Protesters were arrested after chaining themselves to an escalator in a Maryland hotel Sunday.
Officers arrested 12 protesters who had chained themselves to an escalator at a Hyatt Regency hotel, reports WBALTV. Police said that they received a call around 1:45 p.m. EST Sunday to come to the hotel lobby because protesters were blocking the escalator. They were protesting the Maryland Fraternal Order of Police (FOP) during its conference.
Protesters did not leave when hotel security advised them to; the Fire Department and police officers had to cut the chains on the protesters. They were taken into custody shortly afterwards.
According to the Baltimore Sun, protesters cheered for those who had been arrested as they were taken into police wagons. Fellow activists set up a fundraiser online to raise money for bail.
Demonstrators called the FOP a “good ol’ boys club.”

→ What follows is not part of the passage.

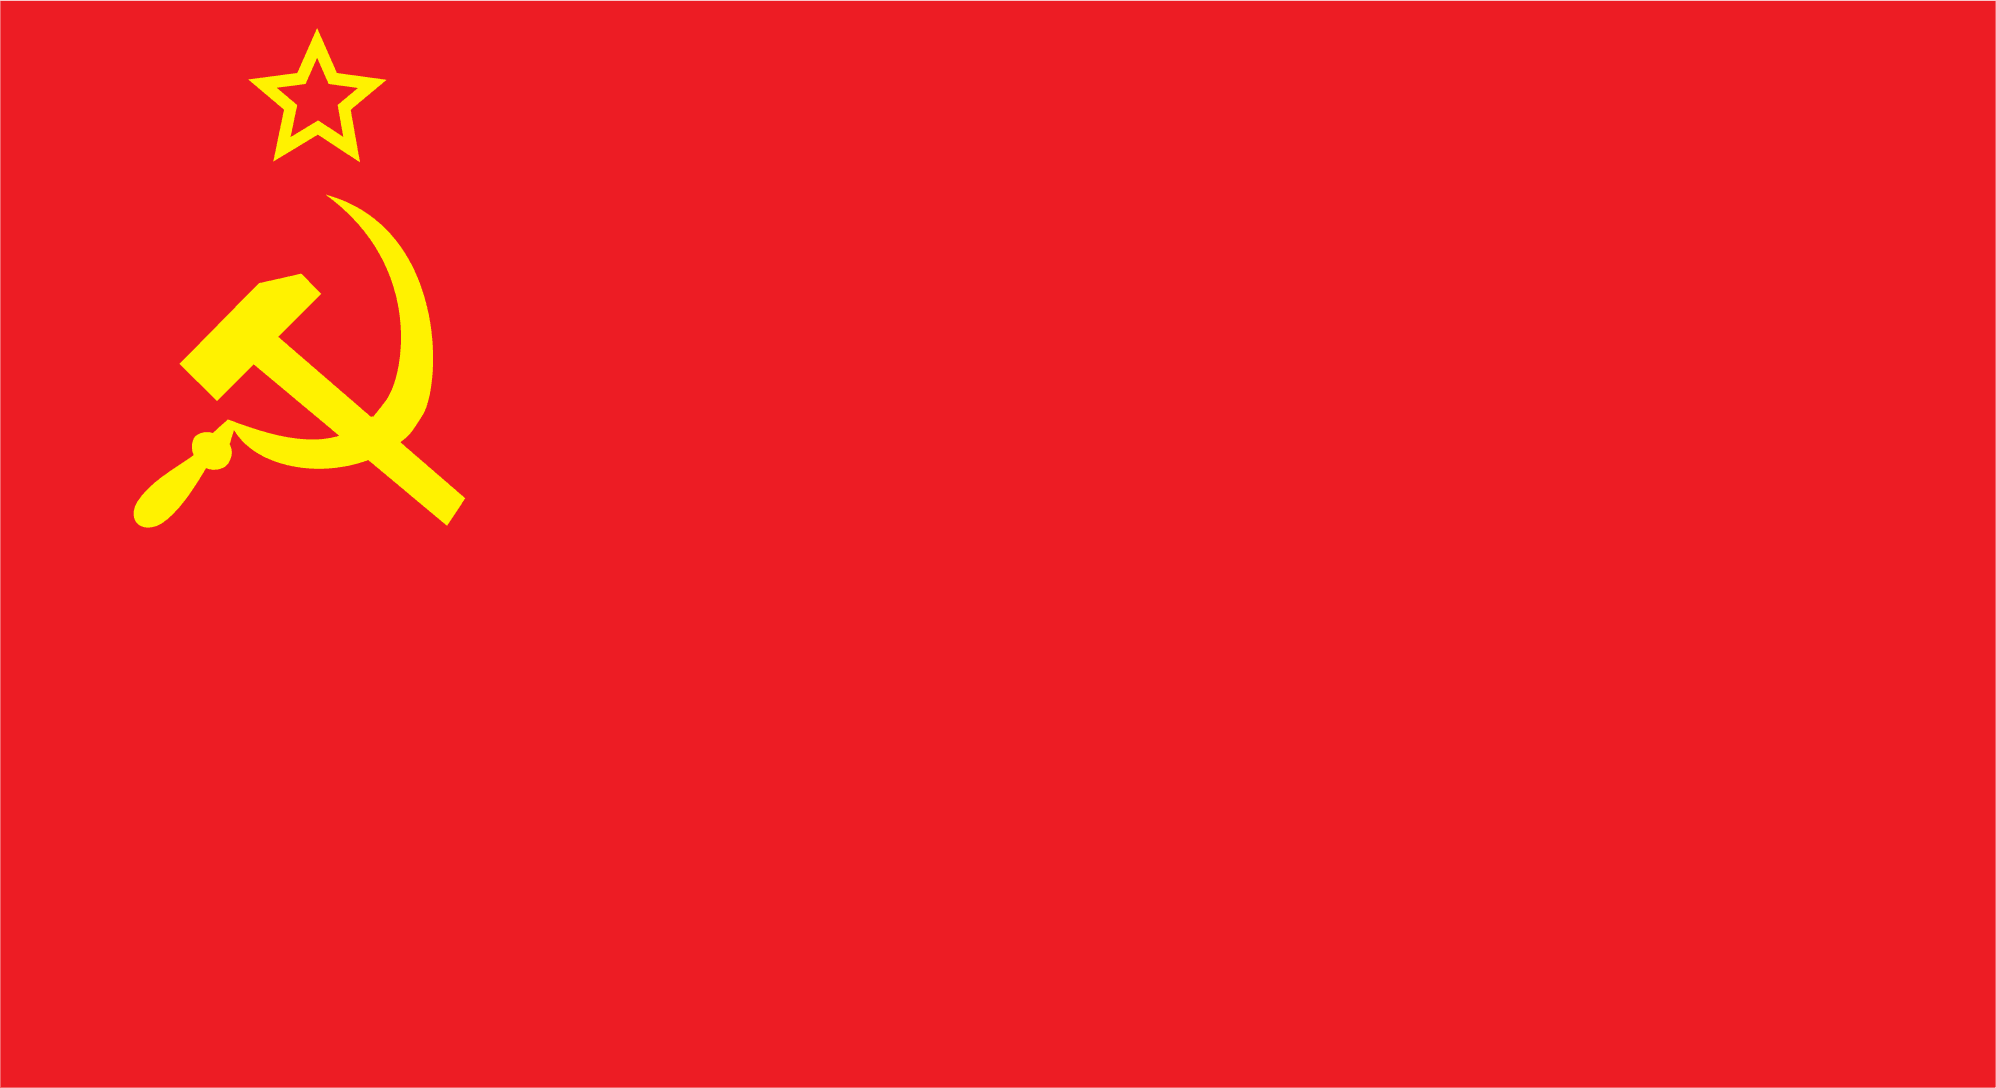 Государственный флаг СССР.

“The FOP is the No. 1 obstruction to police accountability and justice. They operate more as a good ol’ boys club instead of a union … We caused fop members who were coming in for the conference to cancel their reservations so we are shutting down the FOP,” Ralikh Hayes, an organizer of the protest, said.
The protest also referred to the report the Department of Justice (DOJ) released on the Baltimore Police Department. The report said the Baltimore police department performed unconstitutional stops, arrests, and used excessive force that led to different outcomes for black citizens. (RELATED: DOJ Report Charges Baltimore Cops With Racism)

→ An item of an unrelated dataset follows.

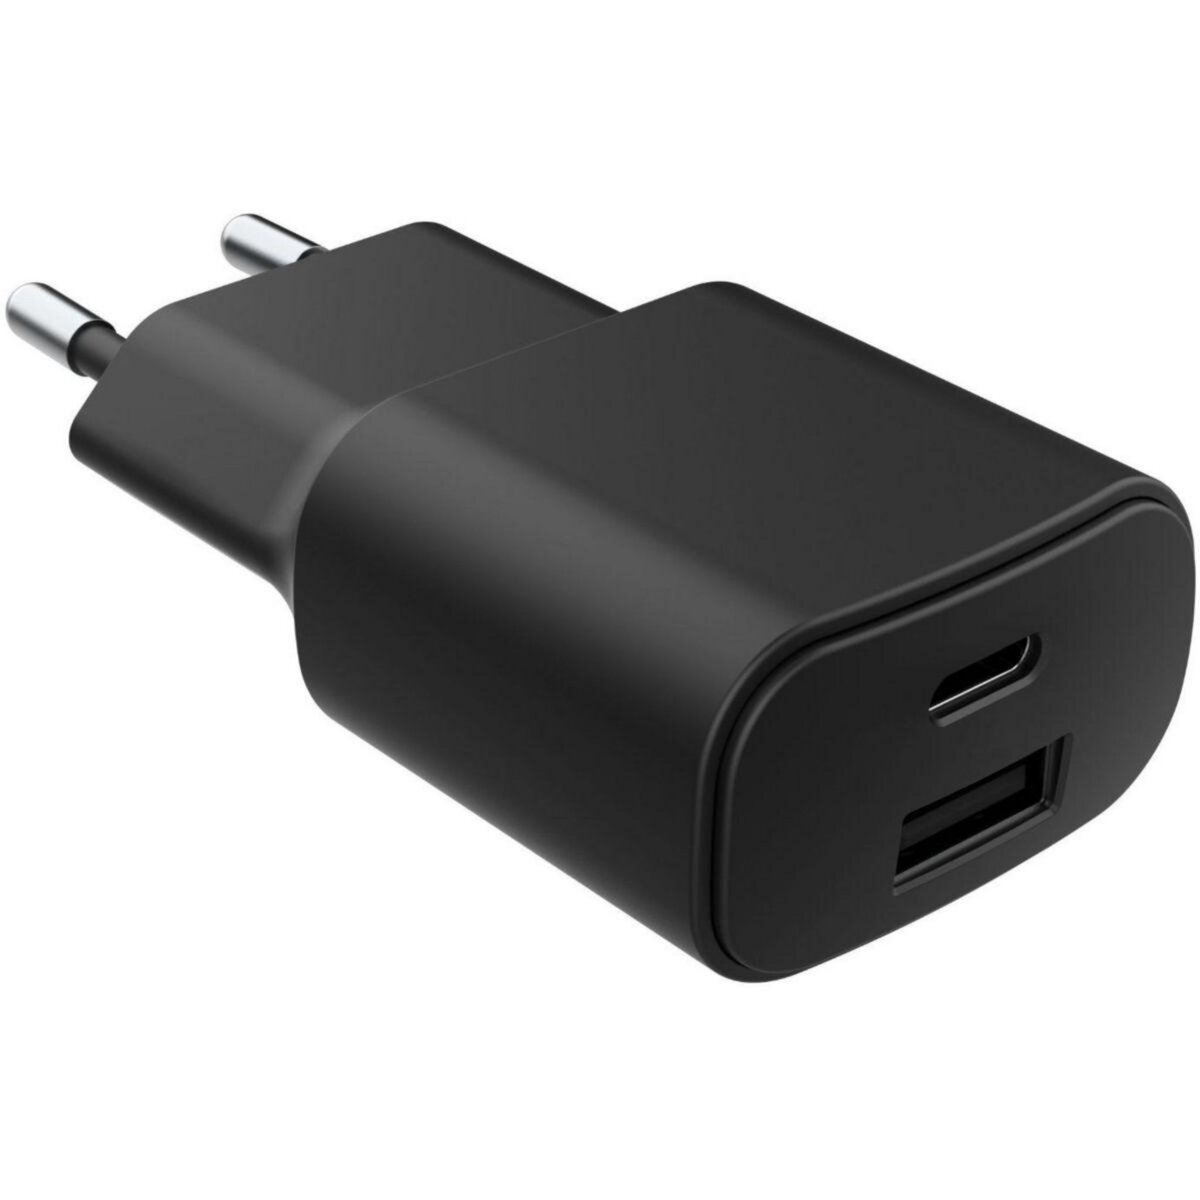 Un chargeur USB-C pour iPhone et smartphone Android à 6,99 € ? Oui

Some demonstrators wore shirts reading “Justice 4 Korryn Gaines.” Gaines was shot by the police when they tried to serve her a warrant for her failure to appear in court. After an hours-long confrontation during which Gaines threatened police with her shotgun, police fatally shot her. (RELATED: Police Shoot Woman Who Allegedly Threatened Them With A Gun)
They also demanded the release of the names of the officers who shot Gaines, as well as the officers who had been mentioned in the DOJ report on the Baltimore Police Department.
Hayes repeated the demands of the “Vision For Black Lives Platform,” the new agenda that calls for reparations for slavery.
“Our vision is a world where safety and security is not dependent on the enforcers of the state but rather where all people have access to quality food, shelter, health care and education and where racial, economic and gender equality flourish,” Hayes said.